Pro-immigrant advocates, on the other hand, said the proposal fell short of comprehensive reform.

“Extremely disappointing,” said Cecilia Munoz, vice president for policy at the National Council of La Raza, a Hispanic immigrant advocacy group.

“It’s a serious backtracking to where the president was two years ago when the administration was prepared to provide some kind of path to legal status,” she said. “They’re proposing to invite people to be guest workers without providing any meaningful opportunity to remain in the United States to become legal permanent residents. It appears to be all about rewarding employers who have been hiring undocumented immigrants while offering almost nothing to the workers themselves.”

The U.S. Chamber of Commerce, for its part, supports providing more stability for illegal immigrants.

“We have 10.5 million illegal workers in the United States right now," Chamber President Thomas Donohue said. "If they went home, we’d have to shut down the country.”

And Sen. Orrin Hatch, R-Utah, chairman of the Judiciary Committee, welcomed the proposal, saying, “I commend President Bush for this constructive step toward important and, frankly, overdue immigration reform.”

Political, Left unsaid during the president’s speech were the political dividends White House advisers hoped the proposal would pay.

By dangling the prospect of legal status to 8 million illegal immigrants now estimated to be in this country, about half of them Mexican, Bush was granting a top priority of the business community while making his most aggressive move yet to court Latino voters. He won just more than a third of that constituency in 2000 but wants to expand his support in the community to better his chances for re-election in November.

Polls have shown support for allowing illegal immigrants to obtain legal status. In a 2002 survey by the Pew Hispanic Center and the Kaiser Family Foundation, 69 percent of all respondents and 90 percent of Latinos said they would favor such a program, while 28 percent of all respondents and 8 percent of Latinos opposed it.

Announcement of the plan also came just before Bush was scheduled to meet with Mexican President Vicente Fox on Monday at the Summit of the Americas in Monterrey, Mexico.
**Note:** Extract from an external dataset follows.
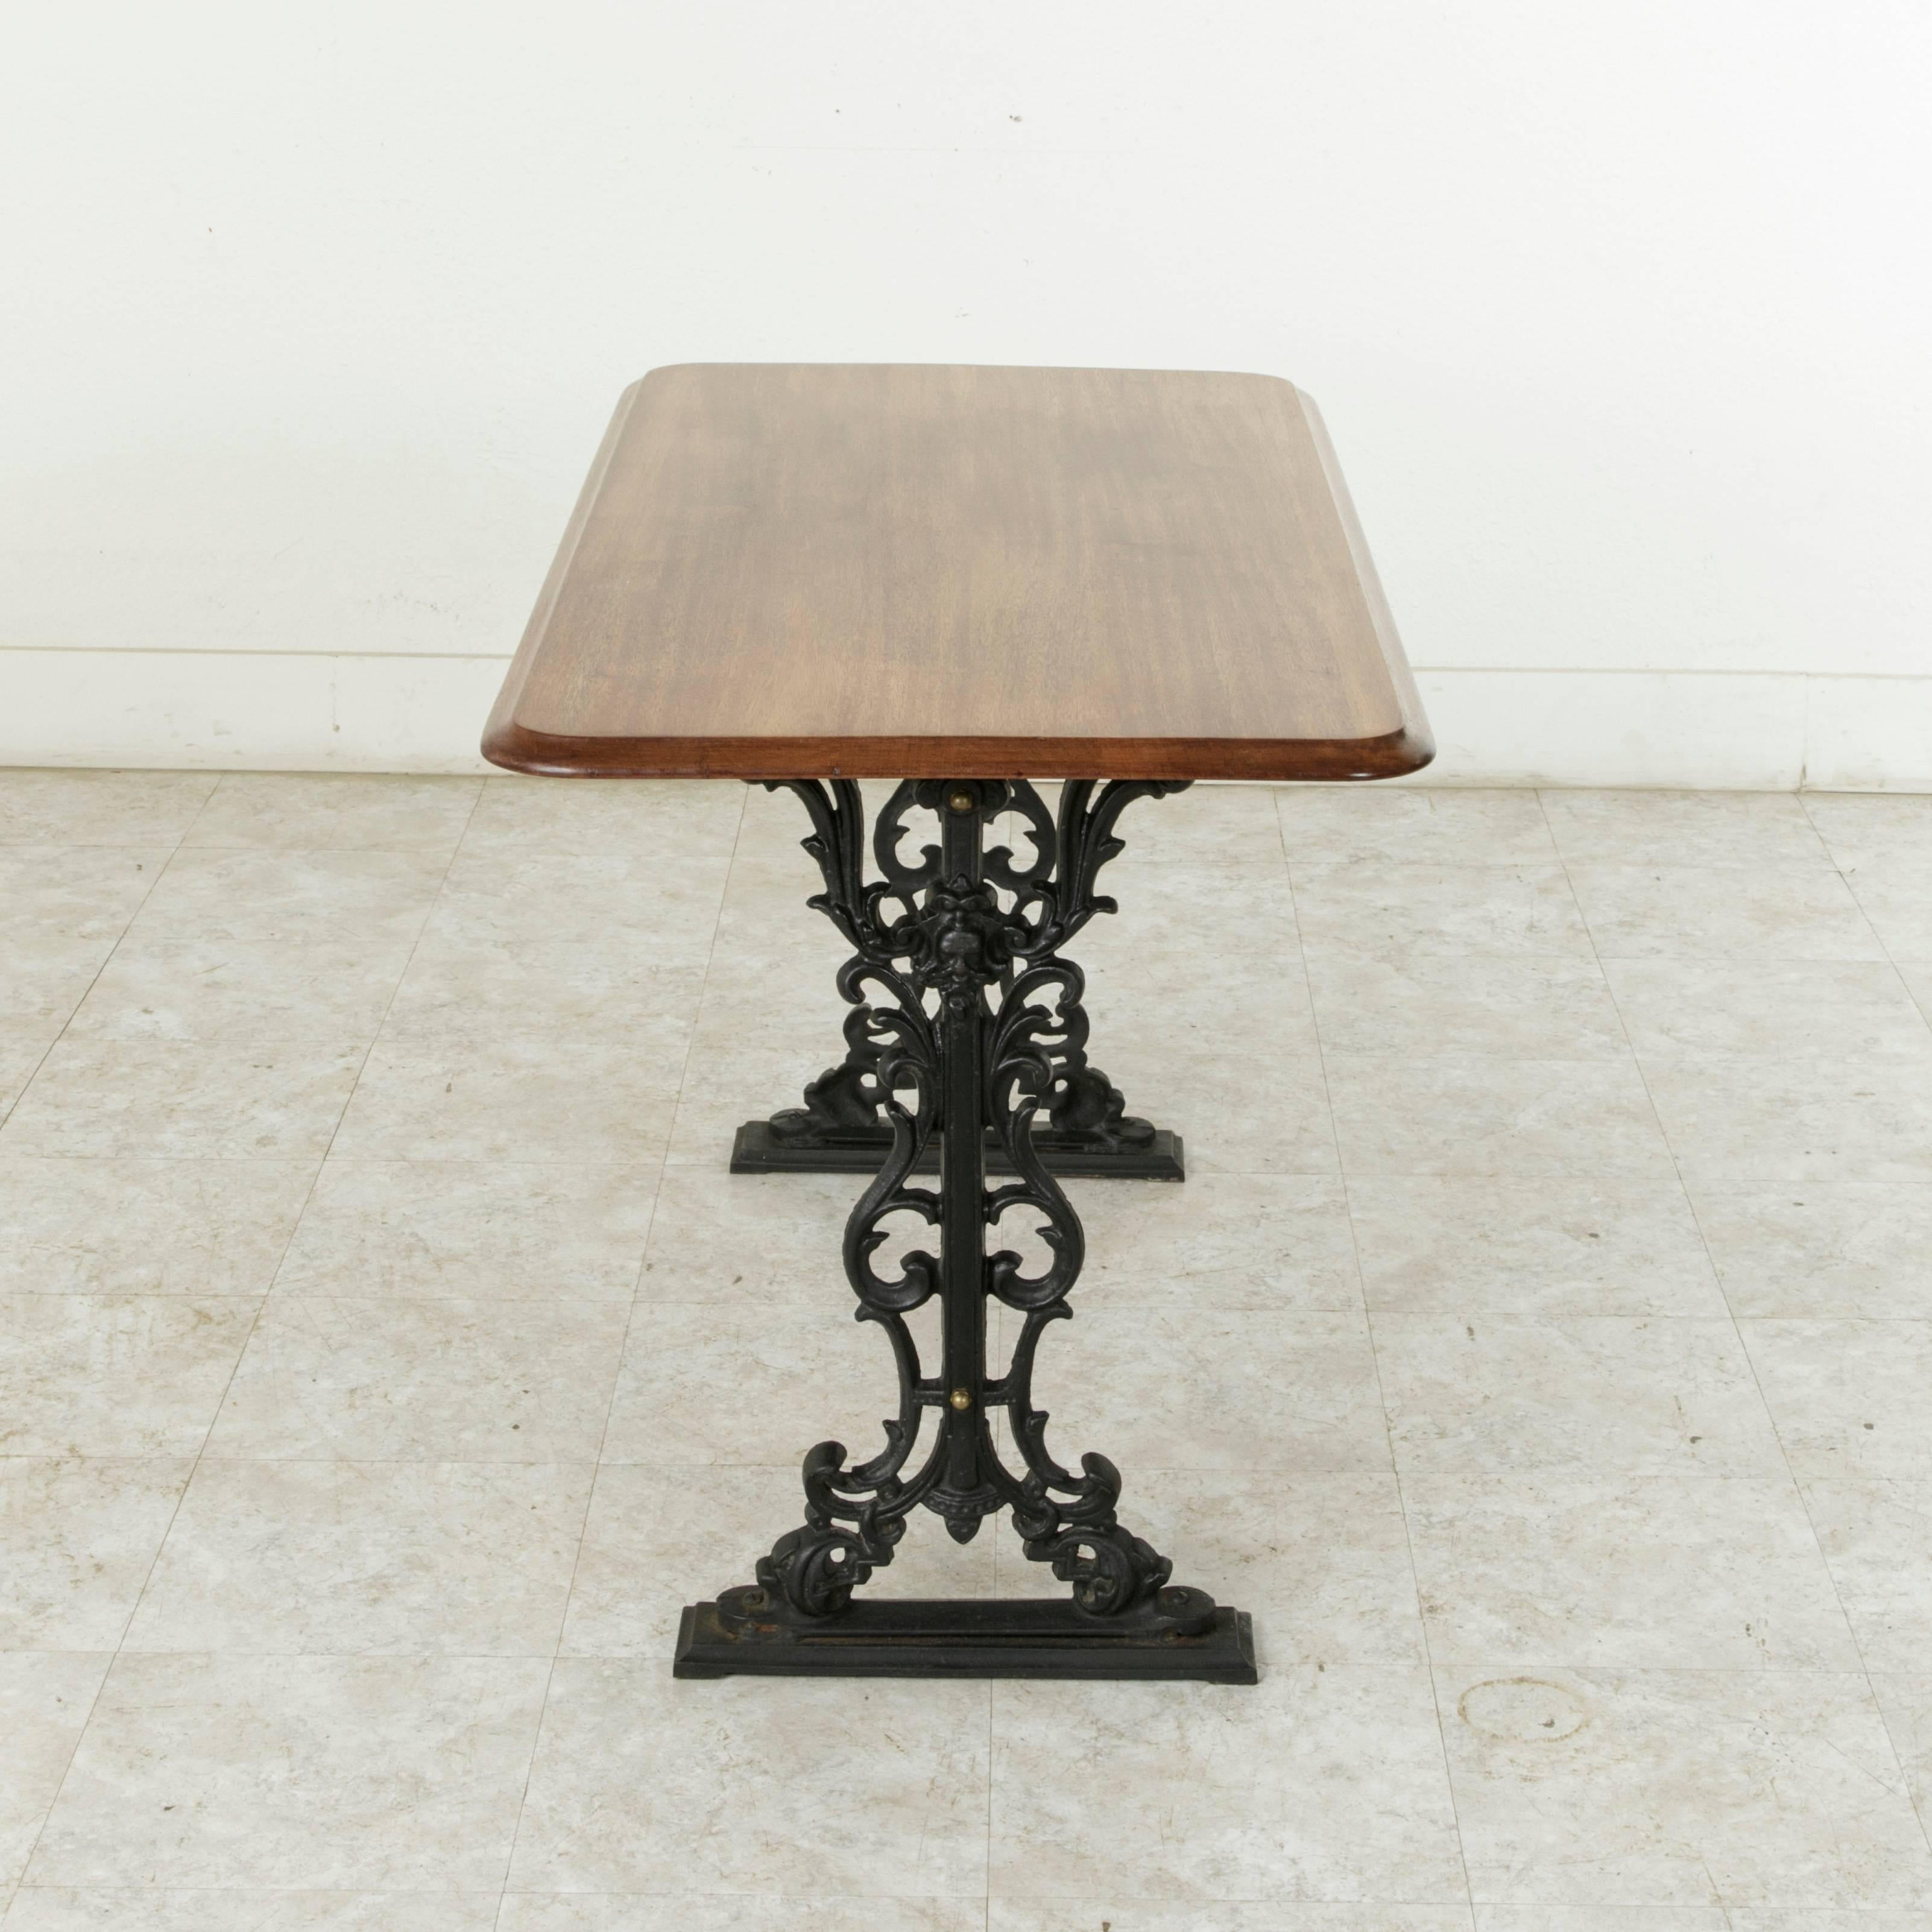 This turn of the 20th century French Paris bistro table features a cast iron base of intricate scrolling and its original solid mahogany top. The base measures 40 inches in length and 16 inches in width and has a vertical X-stretcher that provides

Bush briefed Fox on Wednesday shortly before announcing his proposal.

Relations between the two leaders grew frosty as immigration reforms sought by Fox stalled after the Sept. 11, 2001, terrorist attacks on the United States, but Fox welcomed Bush’s plan Wednesday, saying it would recognize the contribution Mexican workers made to the United States.

The temporary worker program would mean Mexican workers “can have all the rights that any other worker in that country has even though they do not have American citizenship or documents at the moment,” Fox said at a school ceremony in Mexico City to mark the start of a new education term.